• **Source data**:

•••••

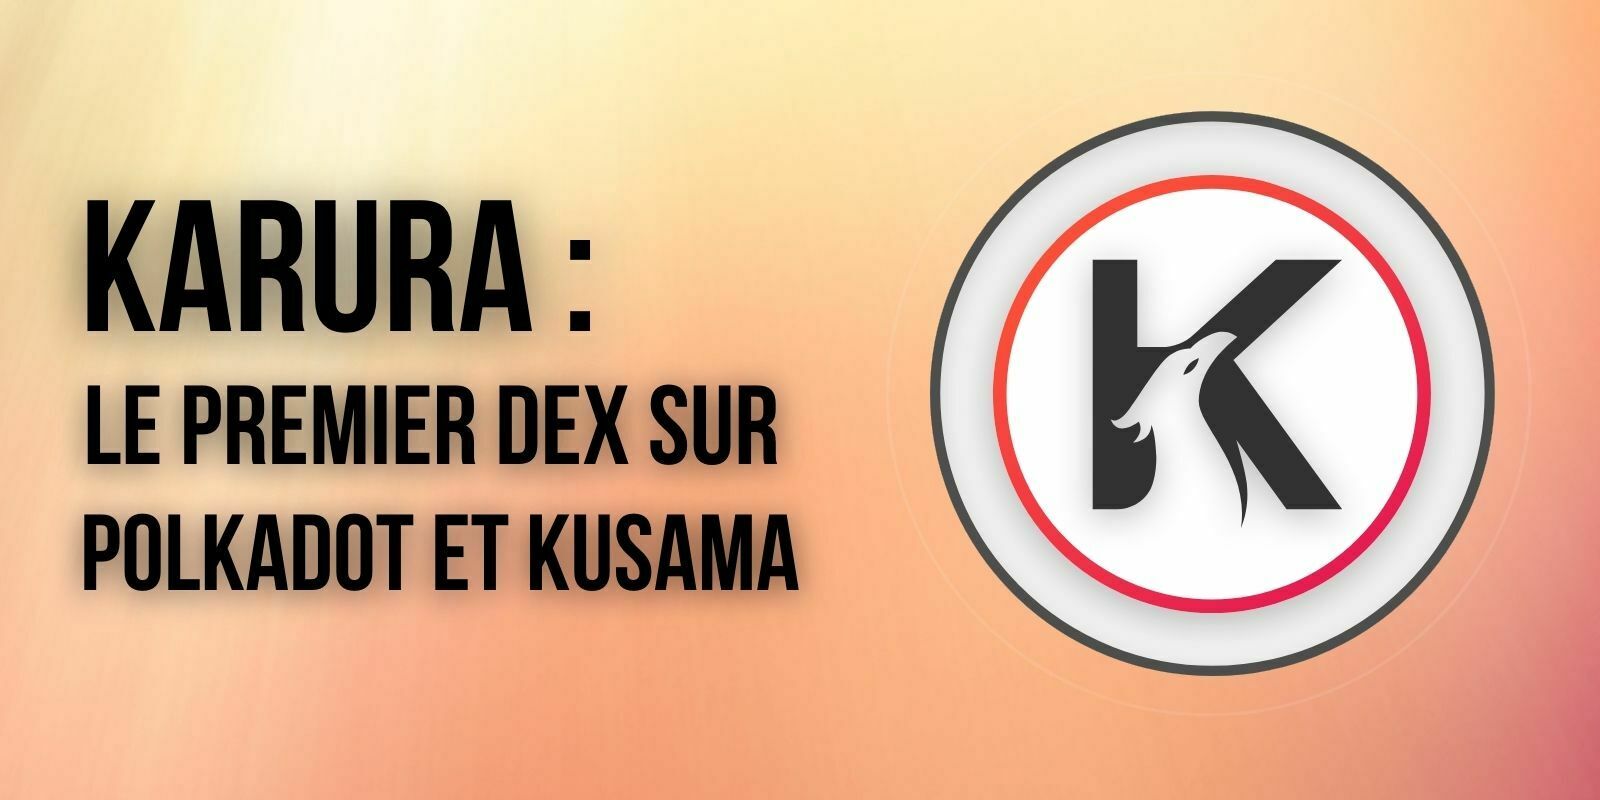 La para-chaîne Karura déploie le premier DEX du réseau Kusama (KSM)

•••••

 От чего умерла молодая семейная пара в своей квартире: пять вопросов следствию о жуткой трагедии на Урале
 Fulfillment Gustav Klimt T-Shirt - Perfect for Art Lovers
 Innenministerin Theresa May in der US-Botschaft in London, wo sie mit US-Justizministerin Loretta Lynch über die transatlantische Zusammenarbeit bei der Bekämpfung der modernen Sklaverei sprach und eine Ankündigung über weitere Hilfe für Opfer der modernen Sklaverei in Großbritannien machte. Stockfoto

•••••

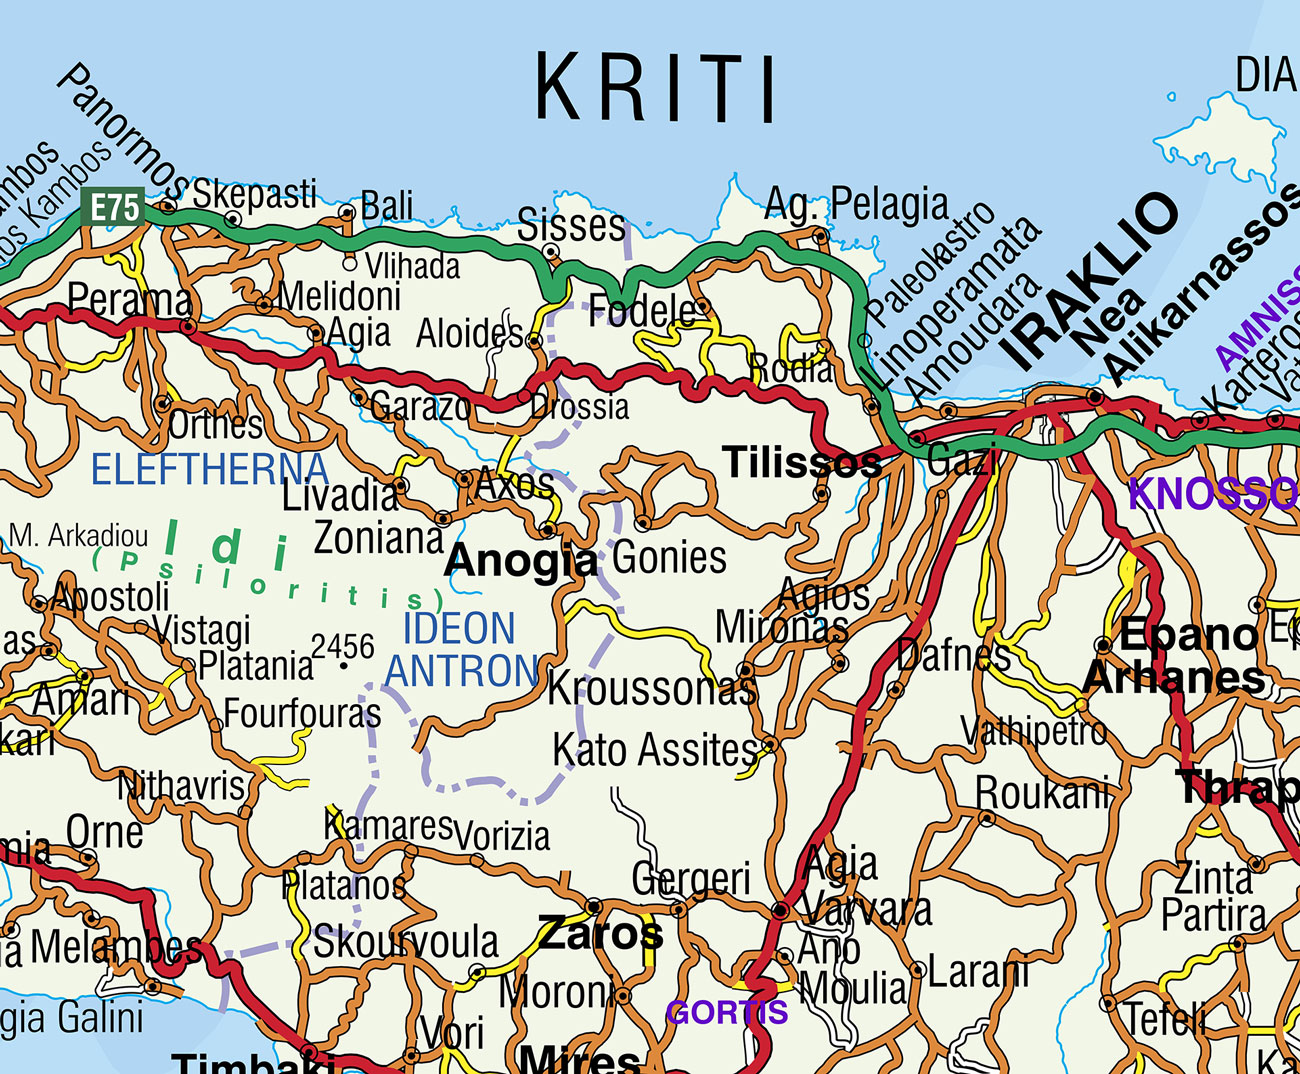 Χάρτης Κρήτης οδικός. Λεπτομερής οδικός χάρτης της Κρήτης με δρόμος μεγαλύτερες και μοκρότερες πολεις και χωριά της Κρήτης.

•••••

• **Work to complete**: Starting with the line that holds "От чего умерла" and ending with the line that holds "Innenministerin Theresa May", retype every line in the data above exactly, and nothing else.

• **Result for this task**:
 От чего умерла молодая семейная пара в своей квартире: пять вопросов следствию о жуткой трагедии на Урале
 Fulfillment Gustav Klimt T-Shirt - Perfect for Art Lovers
 Innenministerin Theresa May in der US-Botschaft in London, wo sie mit US-Justizministerin Loretta Lynch über die transatlantische Zusammenarbeit bei der Bekämpfung der modernen Sklaverei sprach und eine Ankündigung über weitere Hilfe für Opfer der modernen Sklaverei in Großbritannien machte. Stockfoto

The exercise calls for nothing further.